__Work task__
Repeat verbatim what the listing holds, but not its pictures.

__Information shown__
++++++

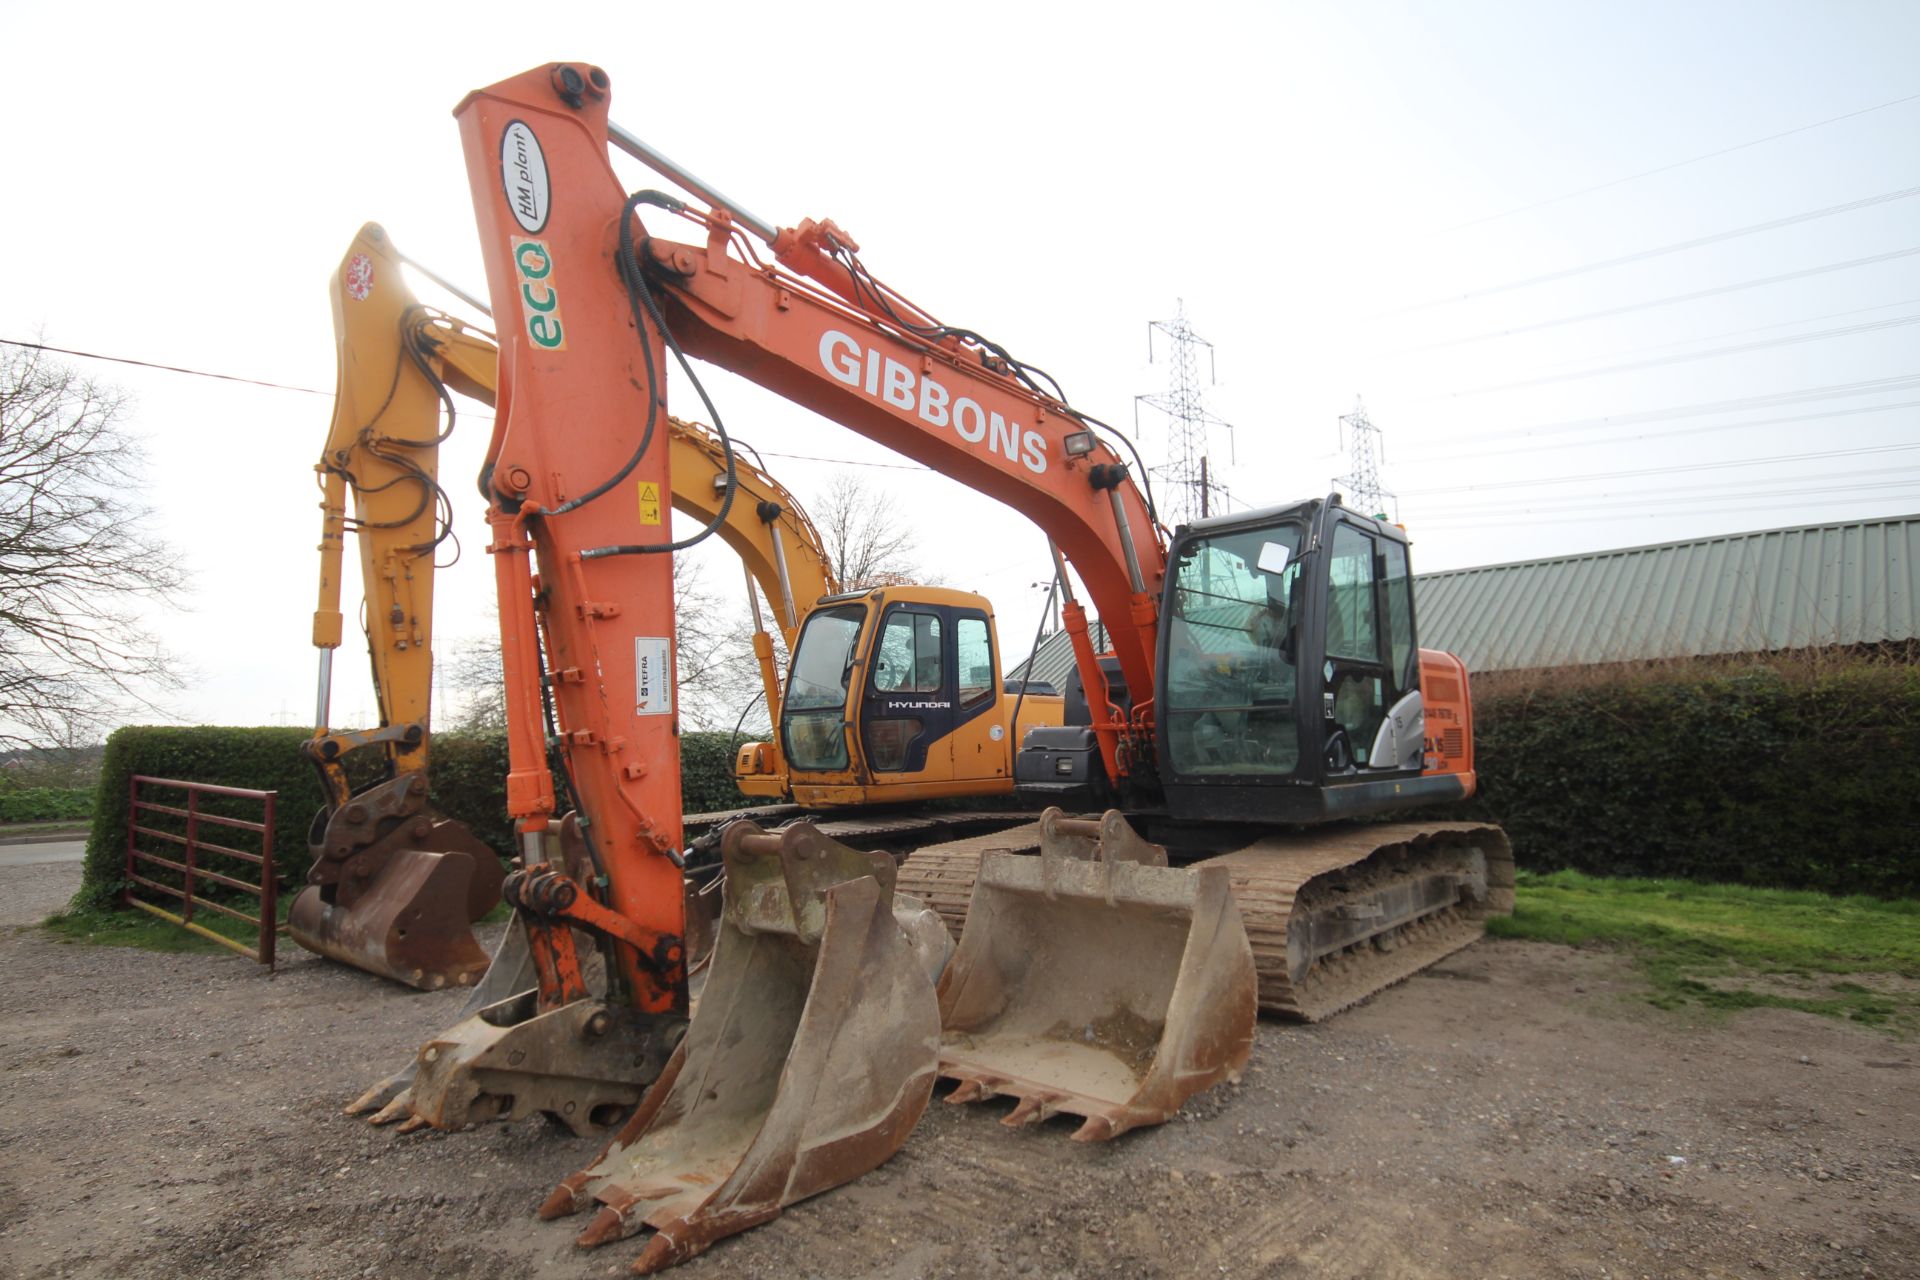 Hitachi Z-Axis 130-5 LCN 5B 14T steel track excavator. 2013. 8,122 hours. Serial number - Image 2 of 70
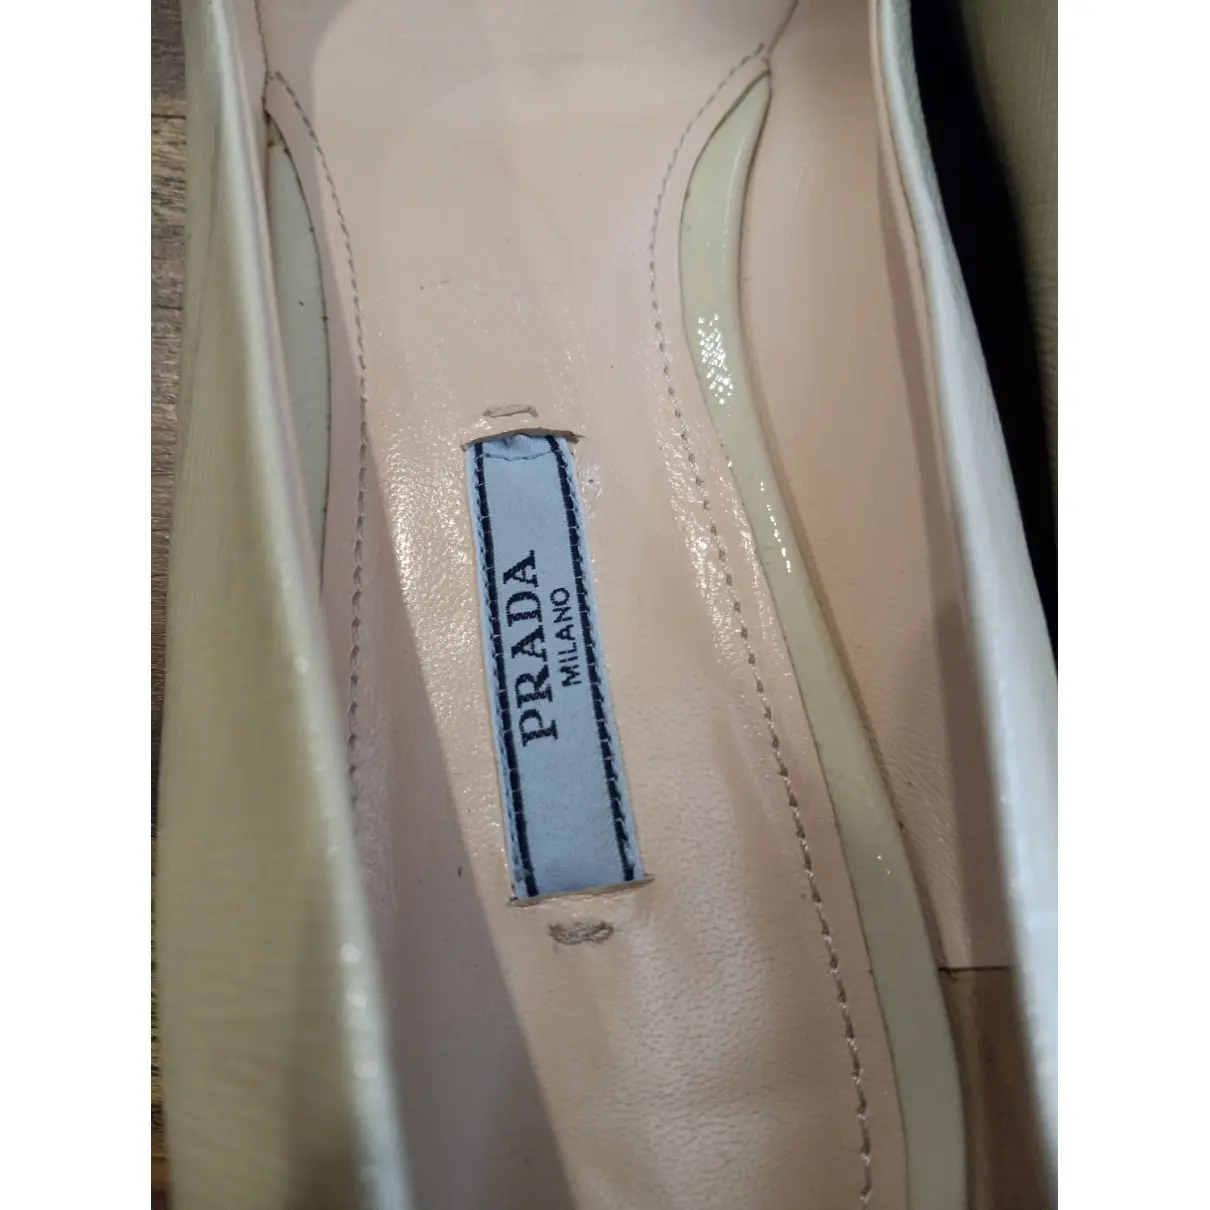 Patent leather ballet flats Prada
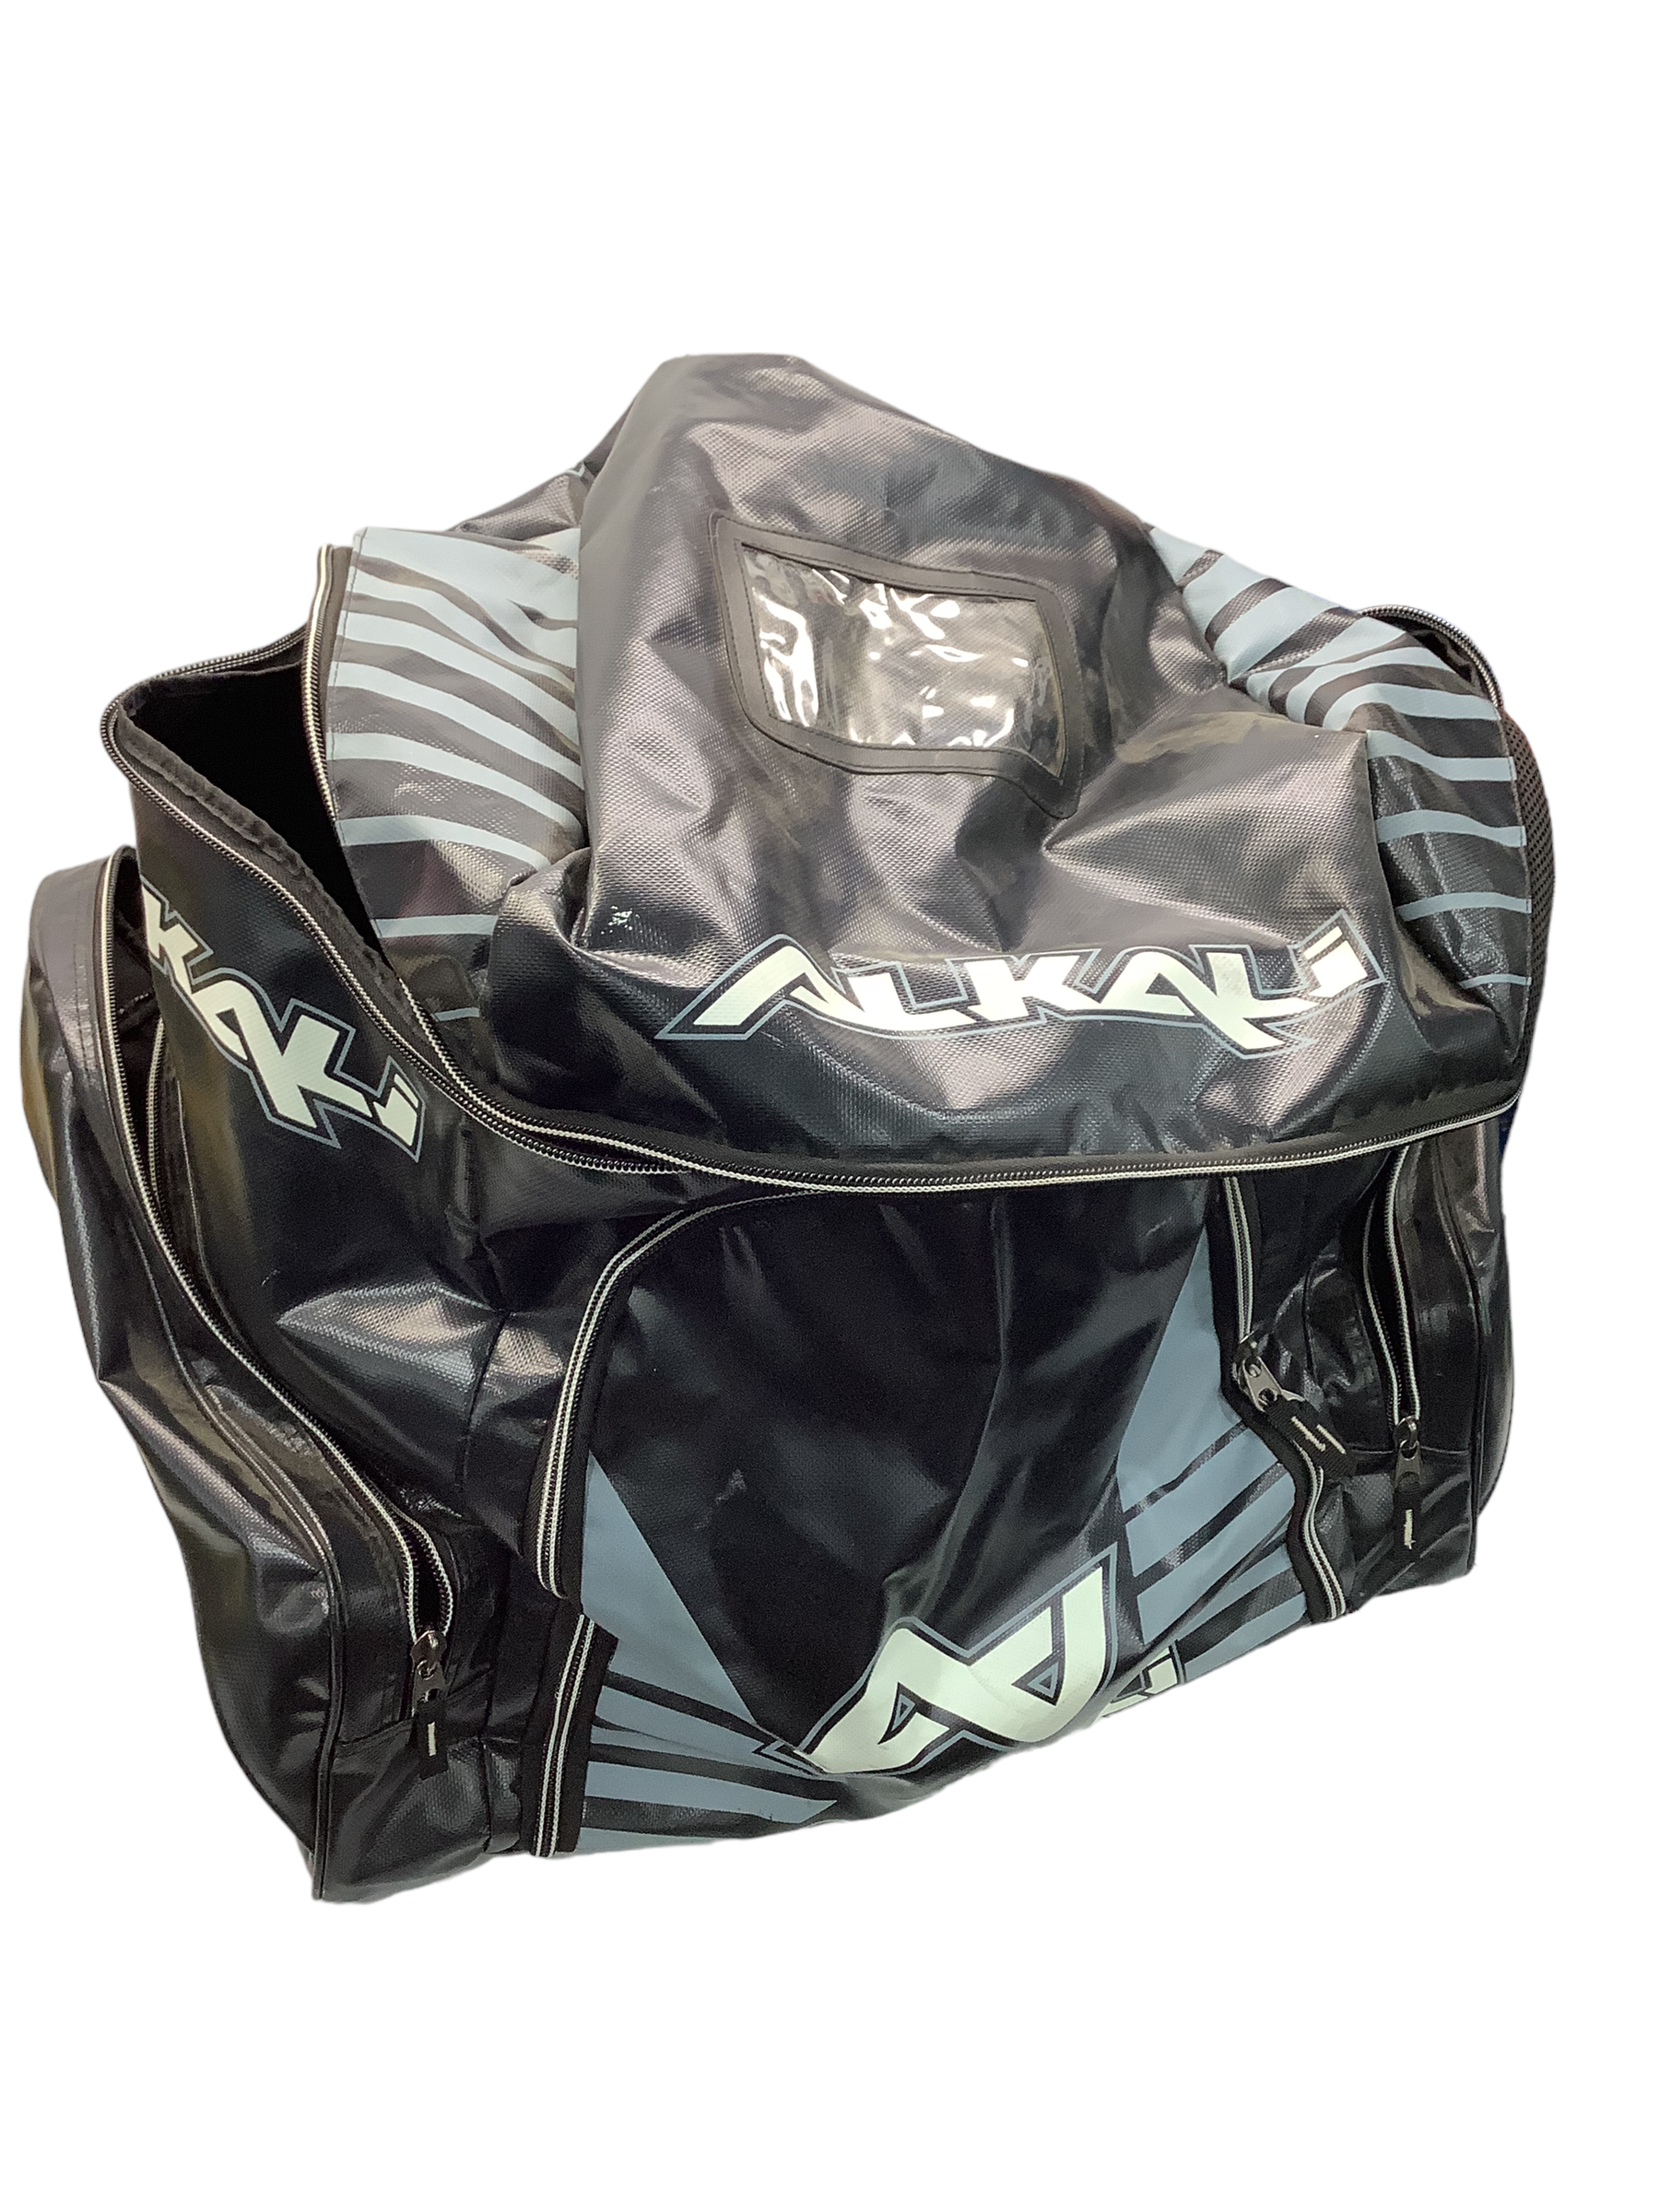 Used Alkali Hockey Equipment Bags Hockey Equipment Bags

++++++

__Output of the task__
 Hitachi Z-Axis 130-5 LCN 5B 14T steel track excavator. 2013. 8,122 hours. Serial number - Image 2 of 70
 Patent leather ballet flats Prada
 Used Alkali Hockey Equipment Bags Hockey Equipment Bags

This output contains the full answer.